The doctrine of equitable recoupment, which is codified in CPLR 203(d) permits a defendant to assert an otherwise untimely defense or counterclaim. The Appellate Division, First Department recently applied the doctrine in California Capital Equity, LLC v. IJKG, LLC, and highlighted a few caveats that a litigator should bear in mind when relying upon the doctrine.   Importantly, one must keep in mind that the doctrine of equitable recoupment is to be used as a shield, not a sword.

Plaintiff California Capital Equity, LLC (“CalCap”) commenced an action against defendants IJKG, LLC (“IJKG”) and Vivek Garipalli (“Garipalli”)¹ (collectively, “Defendants”) asserting claims of breach of contract, fraud, and breaches of fiduciary duty arising out of, among other things, Defendants’ failure to make interest payments to CalCap pursuant to a Note Agreement.   In response, IJKG asserted counterclaims for tortious interference with contract, breach of implied covenant of good faith and fair dealing, and unjust enrichment.

CalCap moved to dismiss IJKG’s counterclaims for tortious interference with contract and unjust enrichment on the ground that these counterclaims were barred by New York’s three-year statute of limitations.   Justice Ramos of the New York County Commercial Division denied CalCap’s motion, finding that the doctrine of equitable recoupment permitted IJKG to assert its otherwise time-barred counterclaims.

The First Department affirmed Justice Ramos’ ruling. The Court explained that the doctrine of equitable recoupment, which is codified in CPLR 203(d), permits a defendant to seek equitable recoupment in an otherwise untimely defense or counterclaim.   However, there are two main caveats with respect to the doctrine: (1) the defense or counterclaim must arise from the same transaction, occurrence, or series of transactions or occurrences as alleged in the complaint; and (2) the doctrine may only be asserted to offset any damage award or deficiency judgment that a plaintiff may obtain in its favor against a defendant.   In other words, the doctrine of equitable recoupment may only be used defensively as a shield for recoupment purposes, and not as a sword for a defendant to obtain affirmative relief on an otherwise stale counterclaim.

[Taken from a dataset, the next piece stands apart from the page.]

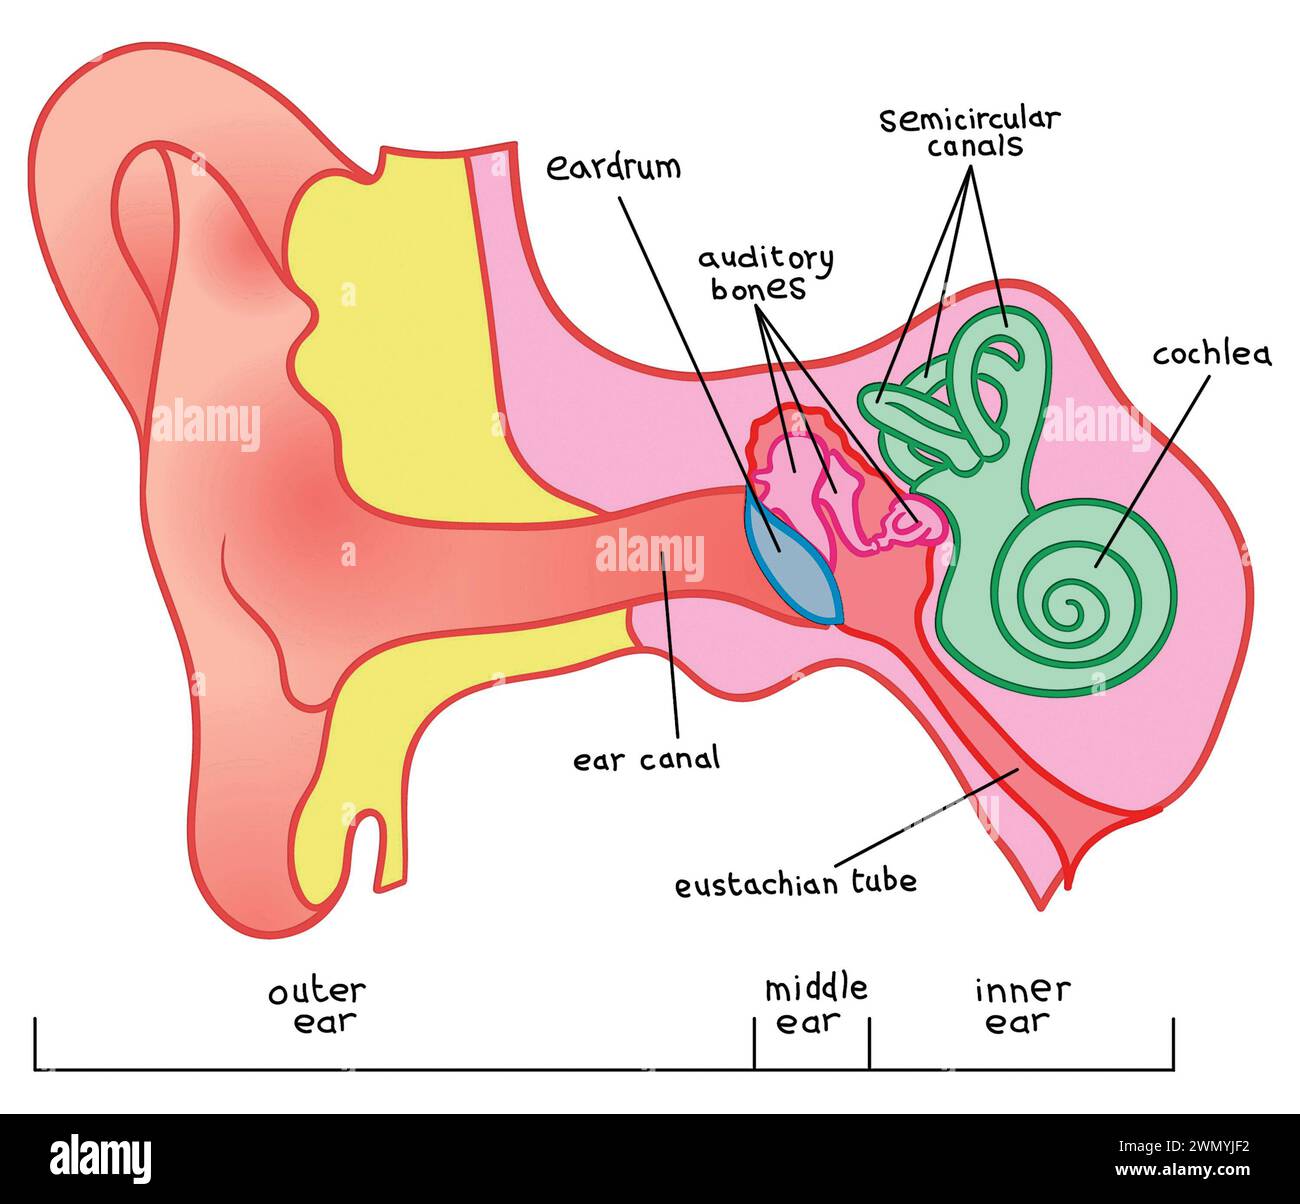 Medical art, outer ear, middle ear, inner ear, ear structure, hearing, body parts, senses, ear canal, auditory bones, eustachian tube, eardrum, canals Stock Photo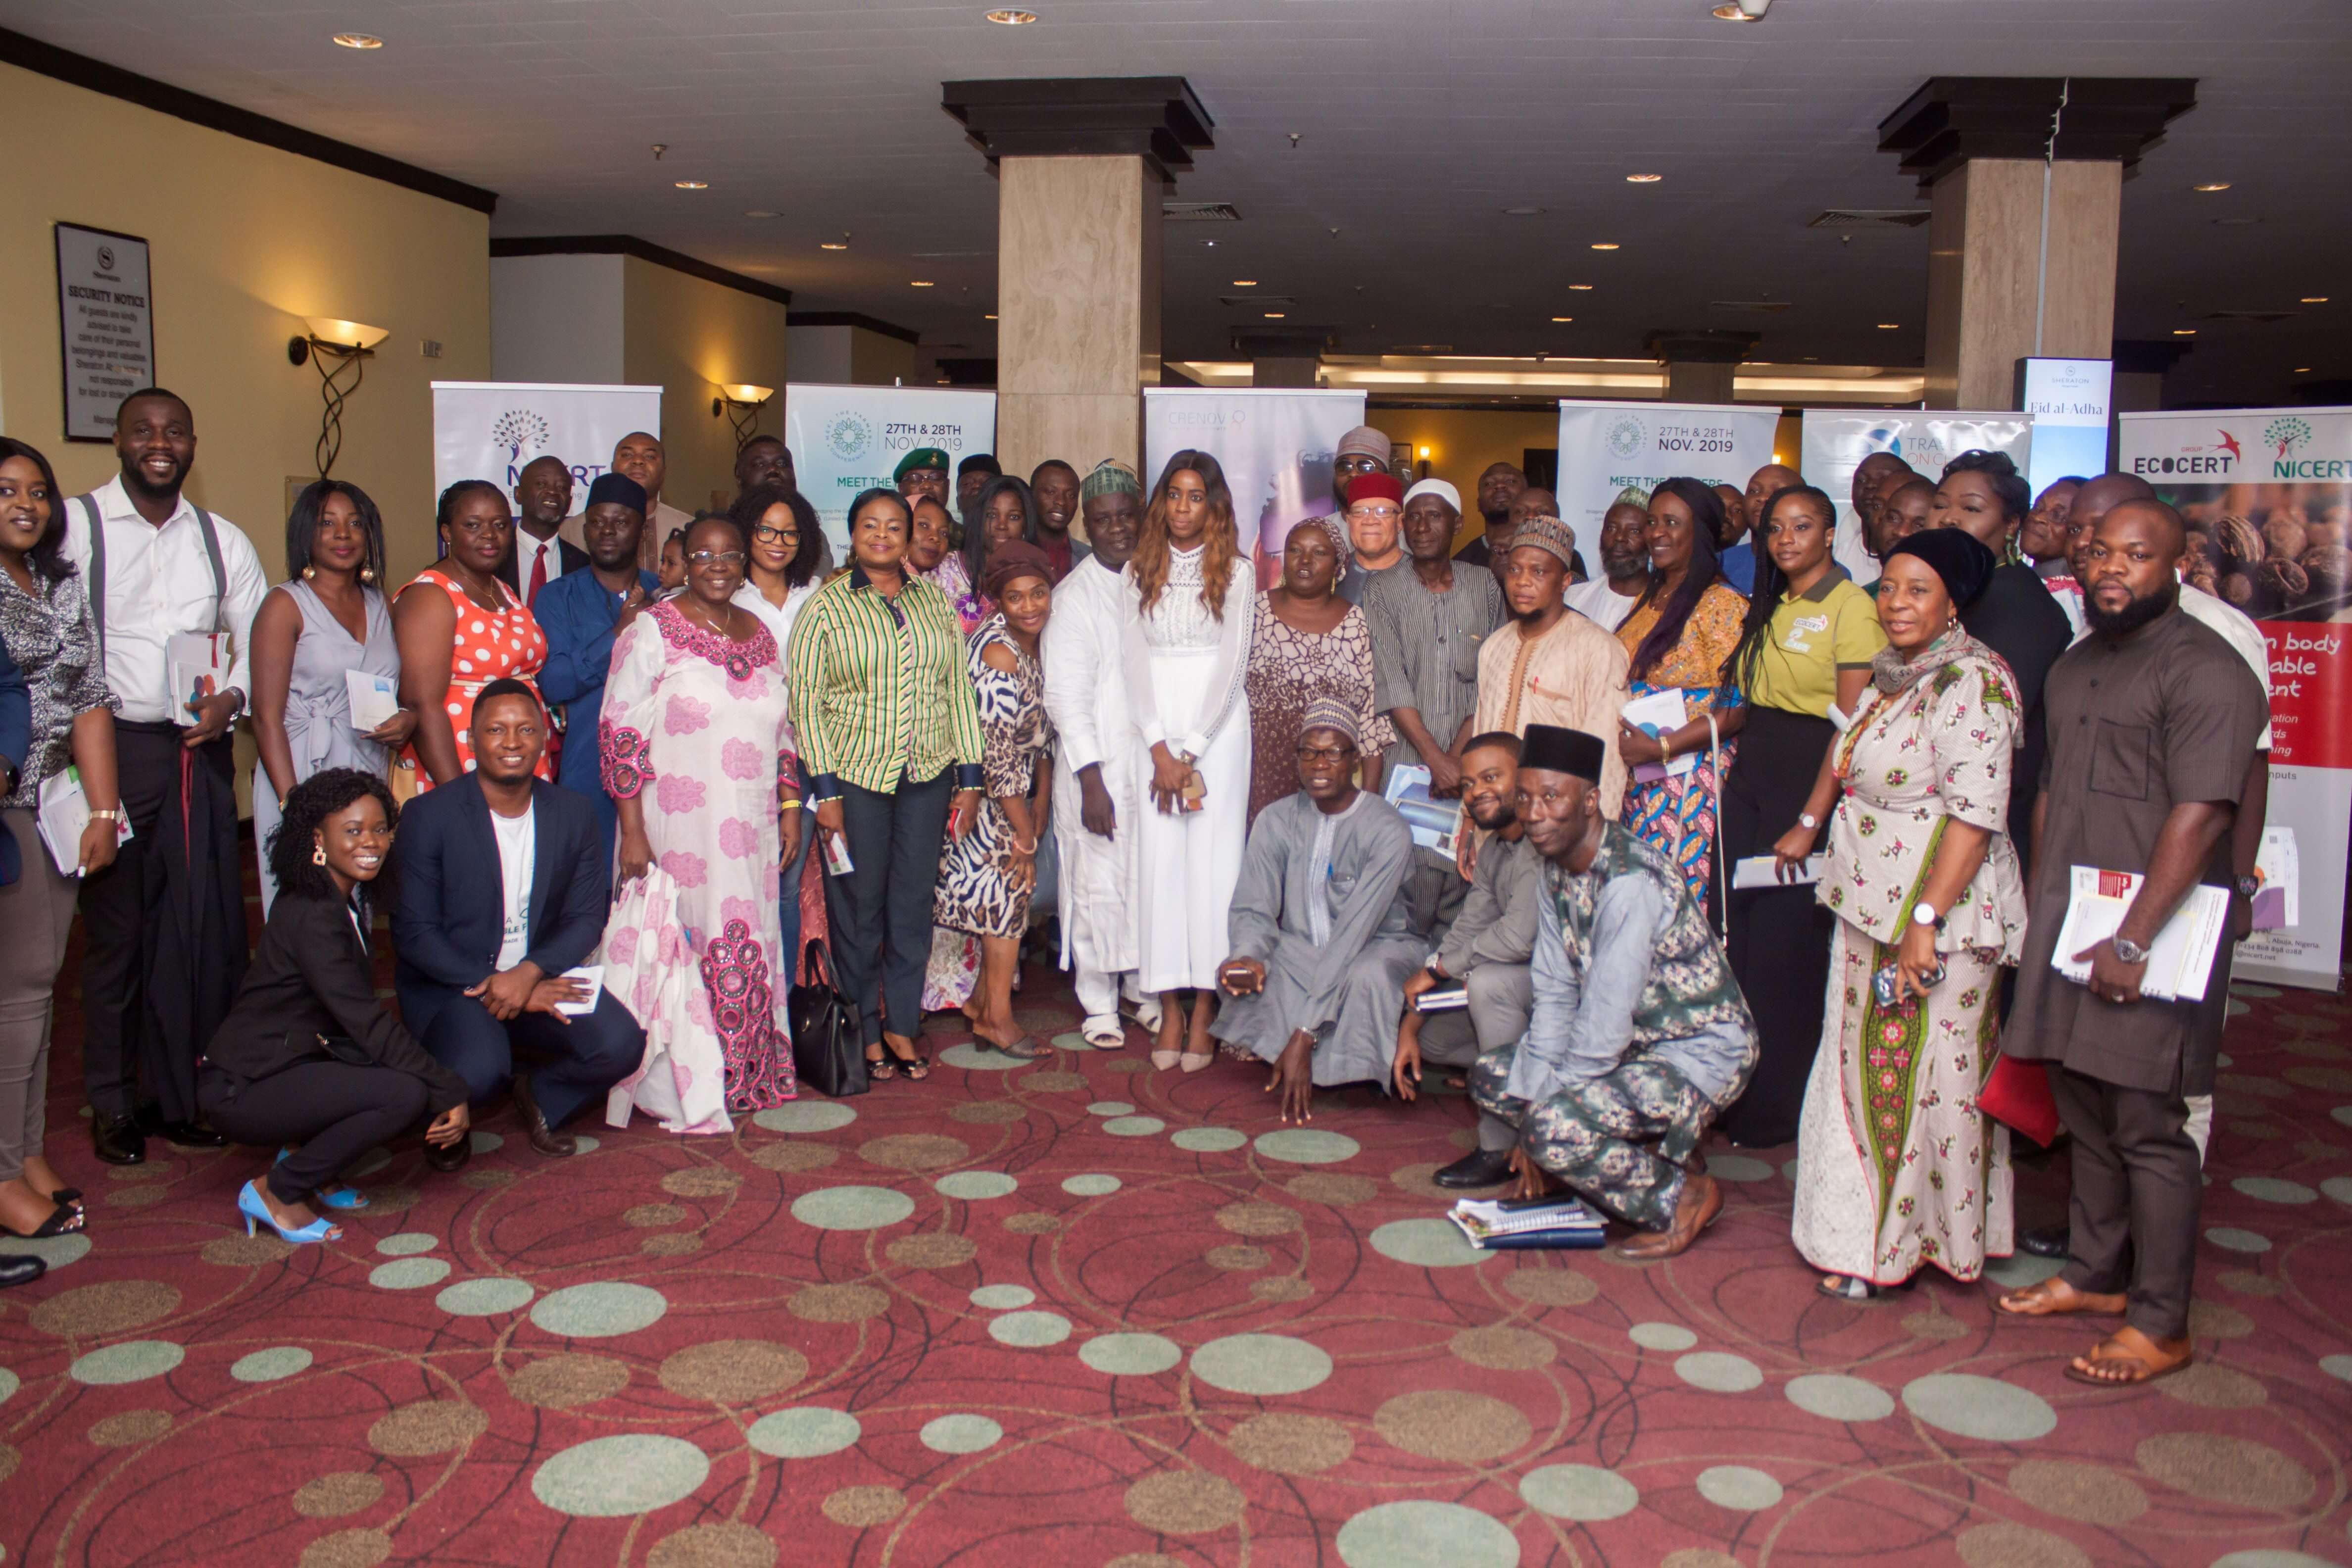 Crenov8 Hosts MTFC Media Launch Event in Abuja Nigeria

Applying these principles, the First Department concluded that IJKG’s tortious interference of with contract counterclaim, if proved, could be used defensively for recoupment purposes, but that IJKG could not obtain any relief from the counterclaims, such as disgorgement. Accordingly, the Court permitted IJKG to assert its counterclaim for tortious interference with contract solely to offset any damage award or deficiency that CalCap may obtain in its favor.

¹  Although Garipalli was named as a defendant in the lawsuit, all claims against him have been dismissed.

The Second Department recently handed down a harsh reminder of the importance of obtaining an executed broker’s agreement.  Oral agreements for broker fees are apt to run afoul of the statute of frauds, and personal jurisdiction cannot be conferred by the mere insertion of a forum selection clause in the brokered sale agreement.

In Ausch v Sutton, the plaintiff alleged he was owed a broker’s fee pursuant to an oral agreement with the defendants for arranging the sale of the first defendant’s (Defendant 1) interest in a company to Defendant 2. Defendant 3 co-owned the company with Defendant 1 and resided outside New York. Aside from the purchase agreement, which contained a forum selection clause designating New York for the resolution of any disputes arising from the purchase agreement, Defendant 3 had no contacts with New York.

Defendant 3’s motion to dismiss pursuant to CPLR 3211(a)(8) was denied by the Kings County Supreme Court (Knipel, J.) on the ground that the forum selection clause in the purchase agreement conferred jurisdiction over all disputes arising from the purchase agreement, which included alleged oral agreements for related broker fees. But the Appellate Division reversed, citing Magdalena v Lins,  which held that a forum selection clause among defendants was insufficient to confer personal jurisdiction in a suit brought by the plaintiff, where the plaintiff was neither a party to the agreement containing the forum selection clause nor a third party beneficiary. In essence, the Appellate Division distinguished between the purchase agreement and the alleged oral agreement for a broker’s commission–the forum selection clause in the former was insufficient to confer personal jurisdiction with respect to the latter.

If the lack of personal jurisdiction over Defendant 3 were not enough, then the statute of frauds ultimately would have proved fatal to the plaintiff’s causes of action against all three defendants. General Obligations Law § 5-701[a][10] states that an agreement to pay a commission for arranging a sale transaction is void unless in writing. As held by the Court of Appeals, a claim for unjust enrichment or quasi-contract in connection with a brokered transaction cannot be used to get around the statute of frauds (see Snyder v Bronfman).

The bottom line for brokers of sale transactions is that they cannot rely on protections contained within the sale documents unless they are parties to those documents. To ensure that the dispute will be heard in New York and not dismissed out of hand under the statute of frauds, a broker would be well advised to obtain a signed agreement declaring the terms of her commission before engaging in any work to consummate a potential business opportunity.